Beyaz Balina Yayınları

Emel, Pakistan’ın küçük bir köyünde yaşayan on iki yaşındaki bir kız çocuğudur. En büyük hayali, eğitimini tamamlayıp öğretmen olmaktır. Bu, kız çocuklarının okula gönderilmek yerine ev işi yapıp çocuk bakmaya mahkûm edildiği bir toplumda gerçekleşmesi zor bir hayaldir. Küçük bir kızın okumak için mücadelesi Beyaz Balina Yayınları’ndan çıkan ‘Okumak İstiyorum’ kitabında.

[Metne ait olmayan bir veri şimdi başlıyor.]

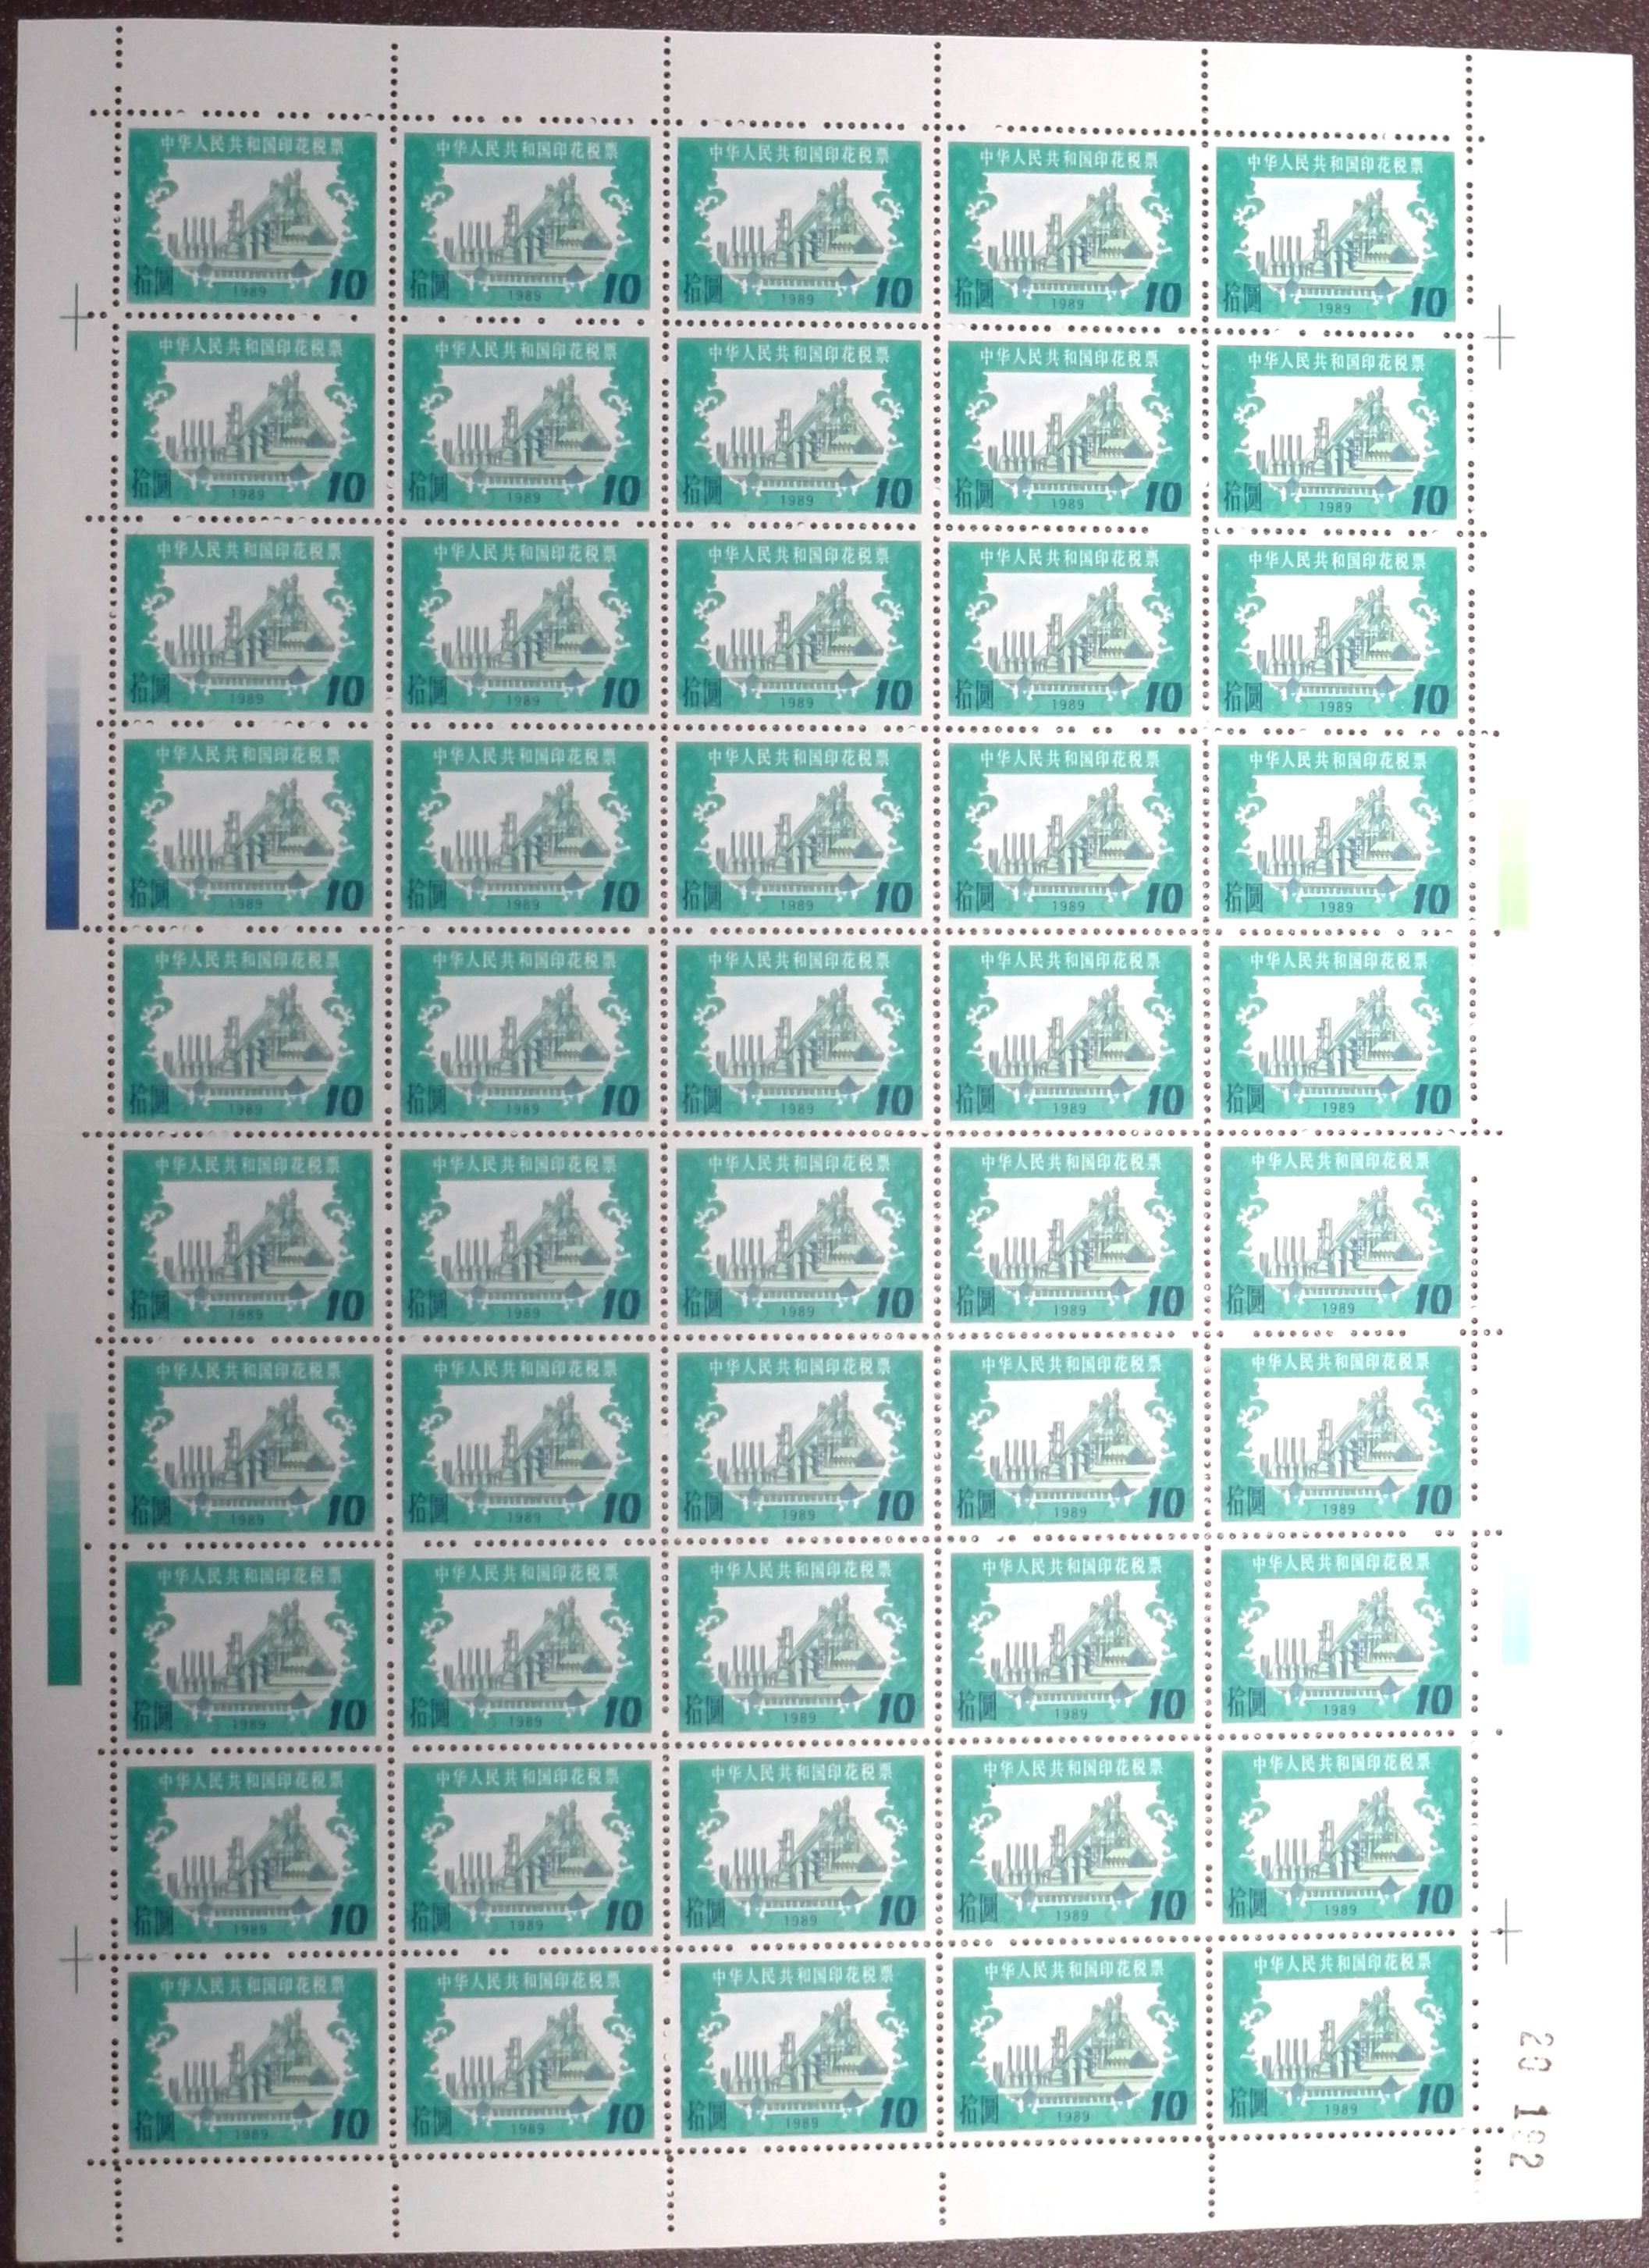 R2282, P.R.China Revenue Stamps, 10 Yuan, Full Sheet 50 pcs, 1989

ASİ KIZLARA UYKUDAN ÖNCE HİKÂYELER

TÜRKİYE’DEN 100 OLAĞANÜSTÜ KADININ MASALI

Ayşegül Gürsel, Ümran Özbalcı

Hep Kitap

Hep Kitap’ın yayınladığı ‘Asi Kızlara Uykudan Önce Hikâyeler’ serisini hepimiz çok sevmiştik. Türkiye'den 100 kadının hikâyesinin yer aldığı kitaptaMüzeyyen Senar, Nene Hatun, Ayşen Gruda, Leylâ Erbil, Ümmiye Koçak, Canan Dağdeviren gibi kız çocuklarına örnek olacak isimler var.

ÖZGÜR OLAN VE OLMAYAN

Brigitte Labné, Michel Puech

Günışığı Kitaplığı

Günışığı Kitaplığı’ndan çıkan ‘Çıtır Çıtır Felsefe’ serisi çocukları, öğretmenleri, anne babaları farklı kavramlar üzerine düşünmeye davet ediyor. Çocukları doğru sorular sorarak düşündüren serinin dokuzuncu kitabında özgürlük kavramı tartışılıyor.